-- Input records follows --

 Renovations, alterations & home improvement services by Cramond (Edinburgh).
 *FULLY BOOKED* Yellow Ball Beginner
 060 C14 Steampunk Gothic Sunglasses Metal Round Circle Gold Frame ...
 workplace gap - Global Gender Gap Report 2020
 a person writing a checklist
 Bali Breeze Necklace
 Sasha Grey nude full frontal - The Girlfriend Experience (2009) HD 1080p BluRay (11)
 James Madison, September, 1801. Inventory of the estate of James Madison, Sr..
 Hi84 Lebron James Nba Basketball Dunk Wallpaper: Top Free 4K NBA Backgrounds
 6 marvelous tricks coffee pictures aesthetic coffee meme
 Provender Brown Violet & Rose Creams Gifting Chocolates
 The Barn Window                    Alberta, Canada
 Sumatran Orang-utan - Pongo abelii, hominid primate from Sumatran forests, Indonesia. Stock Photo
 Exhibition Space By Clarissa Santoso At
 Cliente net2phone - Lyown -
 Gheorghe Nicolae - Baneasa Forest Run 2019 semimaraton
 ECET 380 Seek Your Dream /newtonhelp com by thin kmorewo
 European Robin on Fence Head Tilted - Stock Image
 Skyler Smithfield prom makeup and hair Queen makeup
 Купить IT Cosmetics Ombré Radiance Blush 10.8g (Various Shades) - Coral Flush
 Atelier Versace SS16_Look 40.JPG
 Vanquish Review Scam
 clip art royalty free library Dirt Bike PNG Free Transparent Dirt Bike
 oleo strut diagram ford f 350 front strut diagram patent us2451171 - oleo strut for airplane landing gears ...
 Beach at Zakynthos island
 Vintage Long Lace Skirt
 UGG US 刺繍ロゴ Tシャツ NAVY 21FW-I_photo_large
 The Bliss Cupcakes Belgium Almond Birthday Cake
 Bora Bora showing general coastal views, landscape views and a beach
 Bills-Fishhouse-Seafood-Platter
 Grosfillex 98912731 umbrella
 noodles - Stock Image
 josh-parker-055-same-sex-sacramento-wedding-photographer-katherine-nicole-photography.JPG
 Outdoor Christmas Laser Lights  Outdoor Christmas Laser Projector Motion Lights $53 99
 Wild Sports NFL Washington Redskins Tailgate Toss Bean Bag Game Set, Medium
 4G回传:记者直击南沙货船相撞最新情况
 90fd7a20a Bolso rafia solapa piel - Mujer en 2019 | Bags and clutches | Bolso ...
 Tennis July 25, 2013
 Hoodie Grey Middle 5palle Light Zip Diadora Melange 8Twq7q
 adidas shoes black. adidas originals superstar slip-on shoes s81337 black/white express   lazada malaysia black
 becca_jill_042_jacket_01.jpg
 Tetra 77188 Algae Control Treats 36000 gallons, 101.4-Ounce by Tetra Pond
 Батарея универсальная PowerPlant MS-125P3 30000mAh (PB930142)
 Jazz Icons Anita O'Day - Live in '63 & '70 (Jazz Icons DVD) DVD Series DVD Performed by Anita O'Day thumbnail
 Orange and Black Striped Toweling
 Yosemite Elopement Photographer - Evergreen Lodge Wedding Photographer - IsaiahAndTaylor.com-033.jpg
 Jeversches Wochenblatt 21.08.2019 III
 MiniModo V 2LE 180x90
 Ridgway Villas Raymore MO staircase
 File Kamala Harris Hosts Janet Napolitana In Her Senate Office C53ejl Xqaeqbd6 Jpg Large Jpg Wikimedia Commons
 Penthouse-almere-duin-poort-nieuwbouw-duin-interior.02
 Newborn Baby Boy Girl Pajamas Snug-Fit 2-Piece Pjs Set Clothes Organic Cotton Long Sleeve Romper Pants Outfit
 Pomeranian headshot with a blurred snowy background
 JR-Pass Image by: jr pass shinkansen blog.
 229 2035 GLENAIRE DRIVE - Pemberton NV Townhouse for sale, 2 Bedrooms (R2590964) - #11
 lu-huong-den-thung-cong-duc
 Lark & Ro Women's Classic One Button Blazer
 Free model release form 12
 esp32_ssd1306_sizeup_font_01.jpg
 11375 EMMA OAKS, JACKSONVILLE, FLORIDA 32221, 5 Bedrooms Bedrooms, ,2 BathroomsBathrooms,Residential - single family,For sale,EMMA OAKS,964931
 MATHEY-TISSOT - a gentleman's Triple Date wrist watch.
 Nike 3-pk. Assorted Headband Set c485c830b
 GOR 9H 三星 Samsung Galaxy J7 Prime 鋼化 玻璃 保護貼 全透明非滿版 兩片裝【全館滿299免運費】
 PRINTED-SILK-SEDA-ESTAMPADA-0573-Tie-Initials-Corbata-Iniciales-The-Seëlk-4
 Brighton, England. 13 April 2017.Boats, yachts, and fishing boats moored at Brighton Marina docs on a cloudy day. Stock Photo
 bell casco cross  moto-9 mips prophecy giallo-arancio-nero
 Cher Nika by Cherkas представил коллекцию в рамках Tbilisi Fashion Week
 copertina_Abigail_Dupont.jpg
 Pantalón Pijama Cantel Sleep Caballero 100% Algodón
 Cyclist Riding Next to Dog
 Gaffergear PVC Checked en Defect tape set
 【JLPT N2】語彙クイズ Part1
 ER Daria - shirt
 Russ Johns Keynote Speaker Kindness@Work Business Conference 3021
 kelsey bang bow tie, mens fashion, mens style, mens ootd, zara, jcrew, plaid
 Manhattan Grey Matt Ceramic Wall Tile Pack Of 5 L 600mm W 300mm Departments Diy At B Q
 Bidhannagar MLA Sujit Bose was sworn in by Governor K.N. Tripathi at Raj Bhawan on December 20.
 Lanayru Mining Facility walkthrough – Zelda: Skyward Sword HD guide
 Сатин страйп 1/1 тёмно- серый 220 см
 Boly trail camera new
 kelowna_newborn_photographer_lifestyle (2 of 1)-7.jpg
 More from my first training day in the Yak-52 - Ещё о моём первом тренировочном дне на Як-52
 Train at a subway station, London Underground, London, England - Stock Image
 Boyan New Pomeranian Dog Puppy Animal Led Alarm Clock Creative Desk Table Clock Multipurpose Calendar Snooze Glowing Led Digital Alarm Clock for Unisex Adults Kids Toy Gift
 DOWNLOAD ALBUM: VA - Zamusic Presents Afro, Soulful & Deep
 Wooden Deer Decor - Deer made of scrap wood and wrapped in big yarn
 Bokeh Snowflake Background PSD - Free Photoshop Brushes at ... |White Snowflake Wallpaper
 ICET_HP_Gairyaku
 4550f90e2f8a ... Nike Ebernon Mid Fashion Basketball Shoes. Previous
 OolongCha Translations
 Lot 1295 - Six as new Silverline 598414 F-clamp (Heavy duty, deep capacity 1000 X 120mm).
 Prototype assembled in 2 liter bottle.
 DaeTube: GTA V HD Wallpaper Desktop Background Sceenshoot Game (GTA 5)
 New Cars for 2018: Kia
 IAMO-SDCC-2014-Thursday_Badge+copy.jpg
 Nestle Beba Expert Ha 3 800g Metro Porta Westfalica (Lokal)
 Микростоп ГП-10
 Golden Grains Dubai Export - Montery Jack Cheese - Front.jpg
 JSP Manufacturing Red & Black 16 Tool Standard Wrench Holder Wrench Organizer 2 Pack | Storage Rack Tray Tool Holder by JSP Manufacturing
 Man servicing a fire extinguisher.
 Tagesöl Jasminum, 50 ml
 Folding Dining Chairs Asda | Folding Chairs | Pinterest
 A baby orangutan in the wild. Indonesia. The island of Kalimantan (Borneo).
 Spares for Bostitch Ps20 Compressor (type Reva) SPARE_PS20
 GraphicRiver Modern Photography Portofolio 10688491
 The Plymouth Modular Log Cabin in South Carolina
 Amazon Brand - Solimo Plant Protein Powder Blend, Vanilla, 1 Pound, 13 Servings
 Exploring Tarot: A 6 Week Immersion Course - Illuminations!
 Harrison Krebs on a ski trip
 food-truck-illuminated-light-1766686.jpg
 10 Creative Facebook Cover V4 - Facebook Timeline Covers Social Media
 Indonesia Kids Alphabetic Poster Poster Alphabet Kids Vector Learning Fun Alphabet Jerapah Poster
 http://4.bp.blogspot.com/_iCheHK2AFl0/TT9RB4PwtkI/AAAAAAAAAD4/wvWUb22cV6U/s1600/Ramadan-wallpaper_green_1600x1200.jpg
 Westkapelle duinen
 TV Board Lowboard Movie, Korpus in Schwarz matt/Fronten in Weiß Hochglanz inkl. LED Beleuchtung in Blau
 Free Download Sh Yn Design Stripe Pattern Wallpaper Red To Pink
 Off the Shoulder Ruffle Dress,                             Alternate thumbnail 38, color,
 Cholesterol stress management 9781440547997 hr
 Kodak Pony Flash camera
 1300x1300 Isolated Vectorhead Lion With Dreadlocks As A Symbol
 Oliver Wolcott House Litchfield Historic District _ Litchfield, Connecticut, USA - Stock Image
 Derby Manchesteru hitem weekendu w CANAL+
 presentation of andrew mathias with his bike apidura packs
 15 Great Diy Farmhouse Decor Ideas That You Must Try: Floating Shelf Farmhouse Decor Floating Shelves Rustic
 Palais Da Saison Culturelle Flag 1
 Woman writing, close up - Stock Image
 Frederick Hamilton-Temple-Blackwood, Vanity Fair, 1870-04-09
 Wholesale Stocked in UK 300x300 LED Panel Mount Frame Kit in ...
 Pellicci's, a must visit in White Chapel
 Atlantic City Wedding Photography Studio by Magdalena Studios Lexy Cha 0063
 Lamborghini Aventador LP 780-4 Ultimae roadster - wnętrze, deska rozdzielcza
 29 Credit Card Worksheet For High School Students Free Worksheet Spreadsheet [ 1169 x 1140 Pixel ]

-- Input records concluded --

#### [Exercise requirements]
Within the listing above, locate the line containing "Amazon Brand - Solimo" and the line containing "Westkapelle duinen". Reproduce those two lines and all lines between them exactly, with nothing added.

#### [Answer box]
 Amazon Brand - Solimo Plant Protein Powder Blend, Vanilla, 1 Pound, 13 Servings
 Exploring Tarot: A 6 Week Immersion Course - Illuminations!
 Harrison Krebs on a ski trip
 food-truck-illuminated-light-1766686.jpg
 10 Creative Facebook Cover V4 - Facebook Timeline Covers Social Media
 Indonesia Kids Alphabetic Poster Poster Alphabet Kids Vector Learning Fun Alphabet Jerapah Poster
 http://4.bp.blogspot.com/_iCheHK2AFl0/TT9RB4PwtkI/AAAAAAAAAD4/wvWUb22cV6U/s1600/Ramadan-wallpaper_green_1600x1200.jpg
 Westkapelle duinen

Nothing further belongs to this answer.